>>>
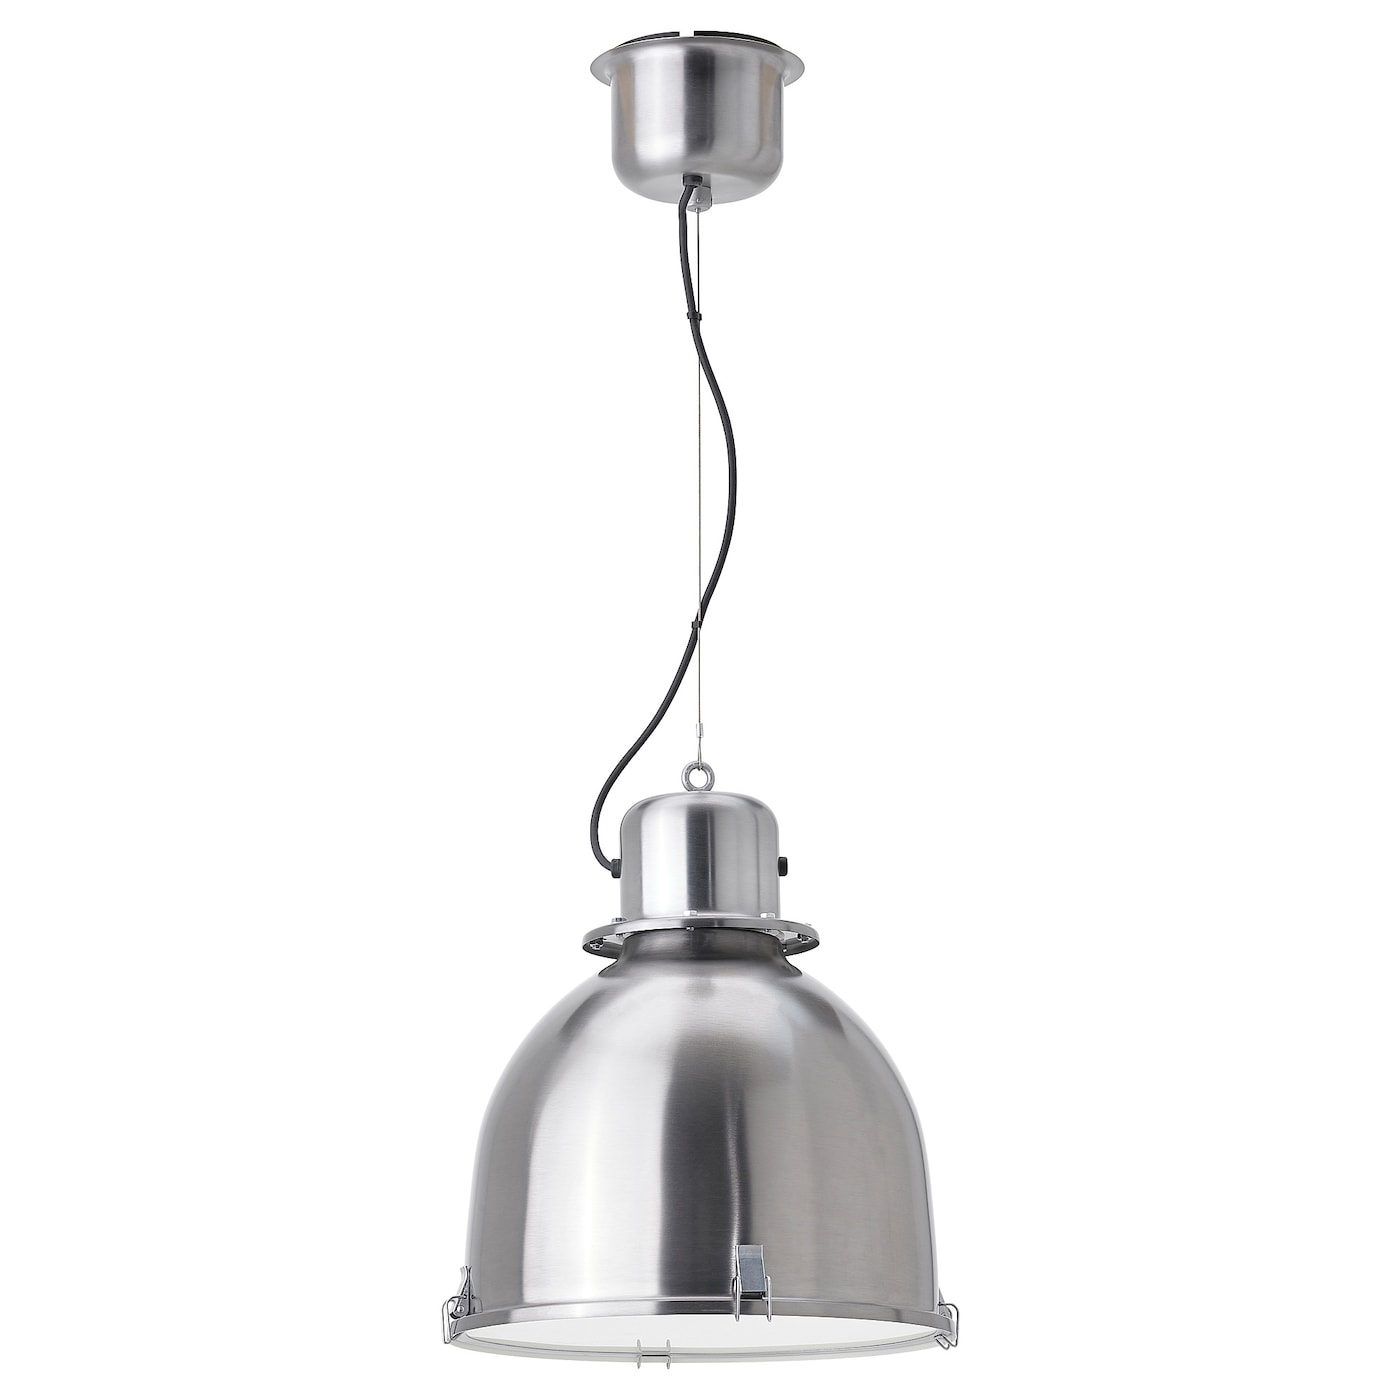 Подвесной светильник - SVARTNORA  IKEA / СУННЕБЮ / СВАРТИНОРА ИКЕА, 38 см, серебритсый
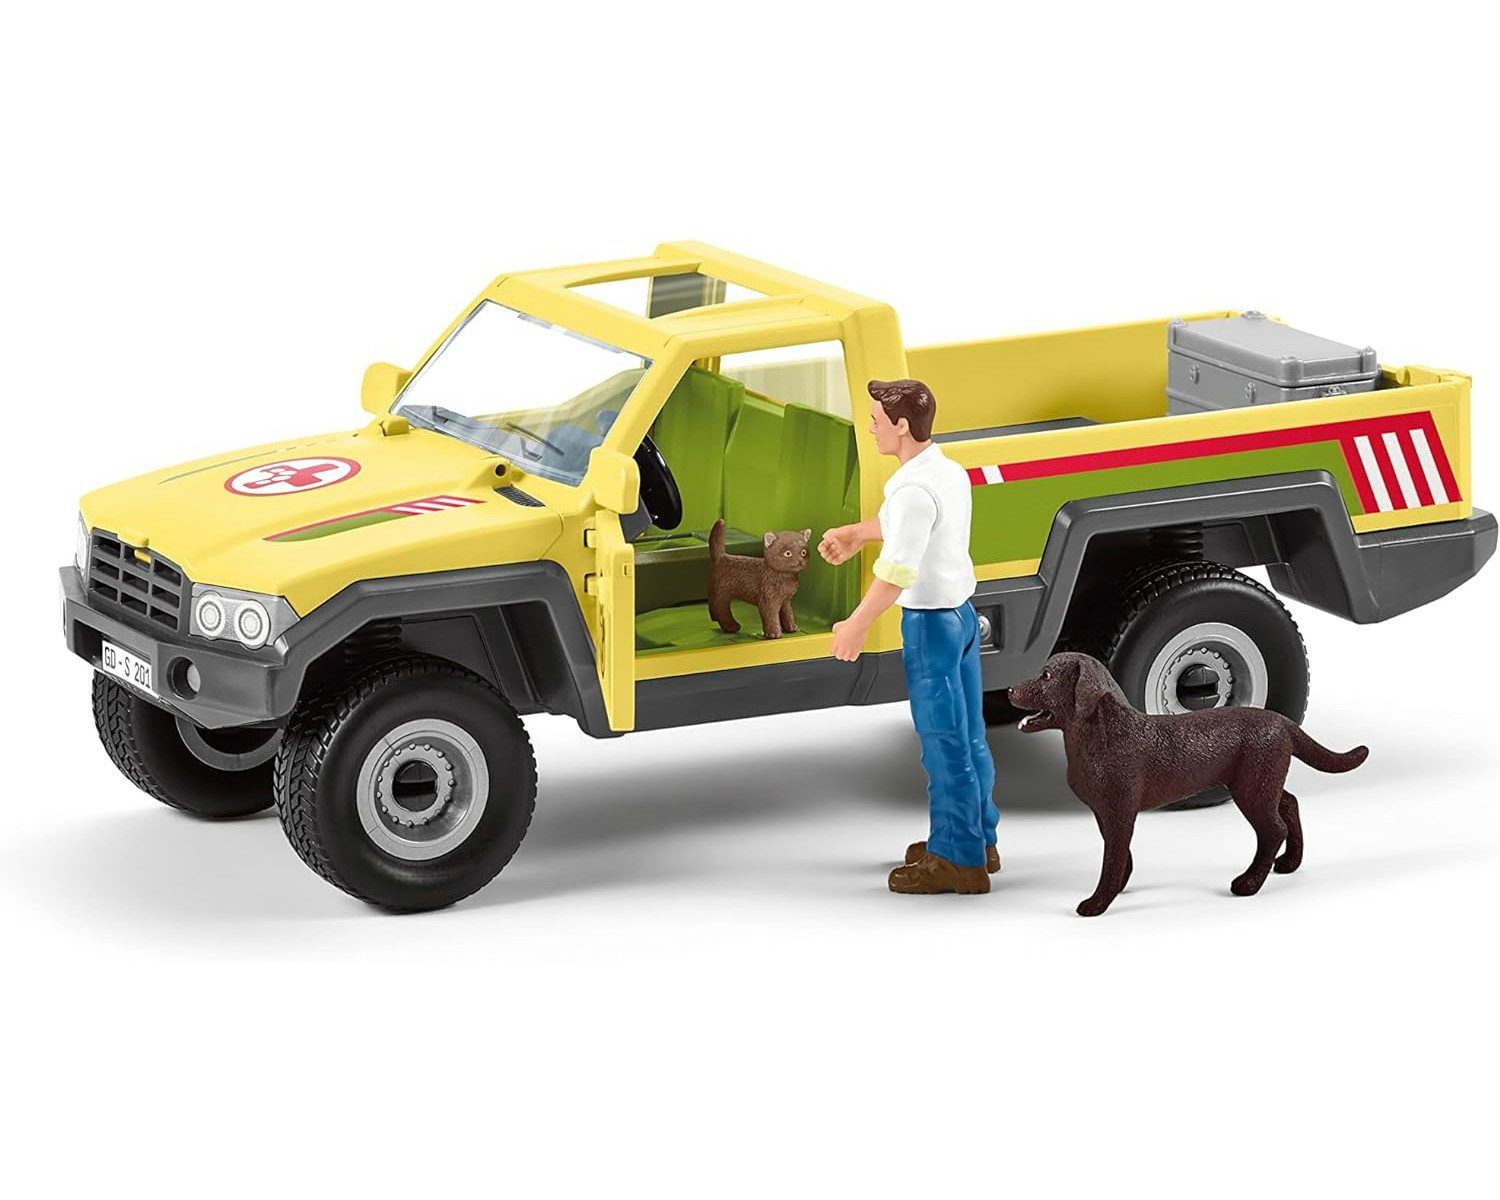 Schleich® Spielfigur Tierfiguren Farm World - auf dem Bauernhof Tierarztbesuch
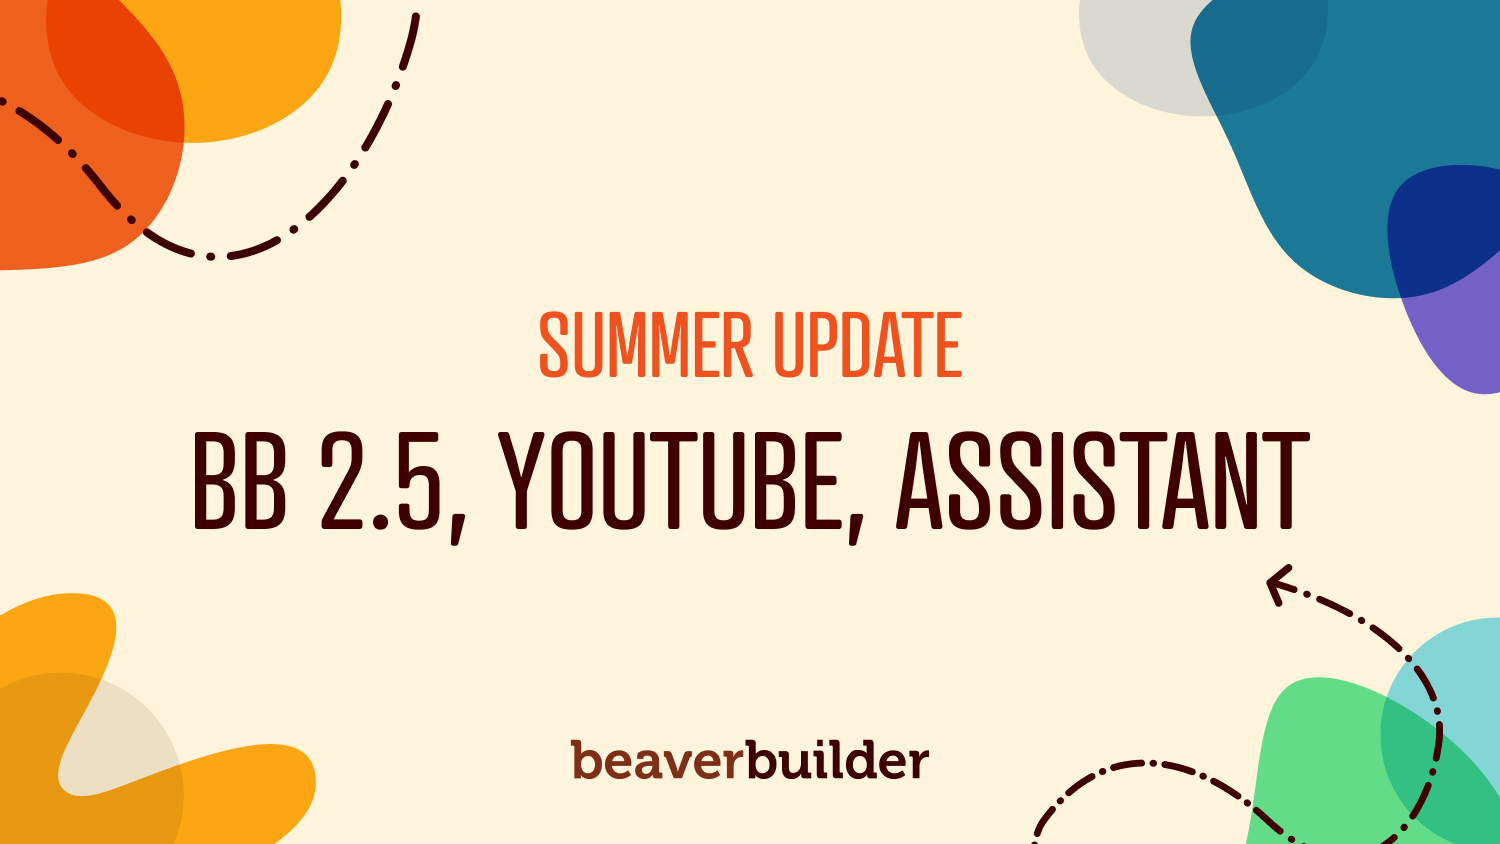 Summer Update BB 2.5
<<<
### TASK BRIEF
Retype the listing above exactly, pictures excluded.

### OUTPUT BELOW
 Подвесной светильник - SVARTNORA  IKEA / СУННЕБЮ / СВАРТИНОРА ИКЕА, 38 см, серебритсый
 Schleich® Spielfigur Tierfiguren Farm World - auf dem Bauernhof Tierarztbesuch
 Summer Update BB 2.5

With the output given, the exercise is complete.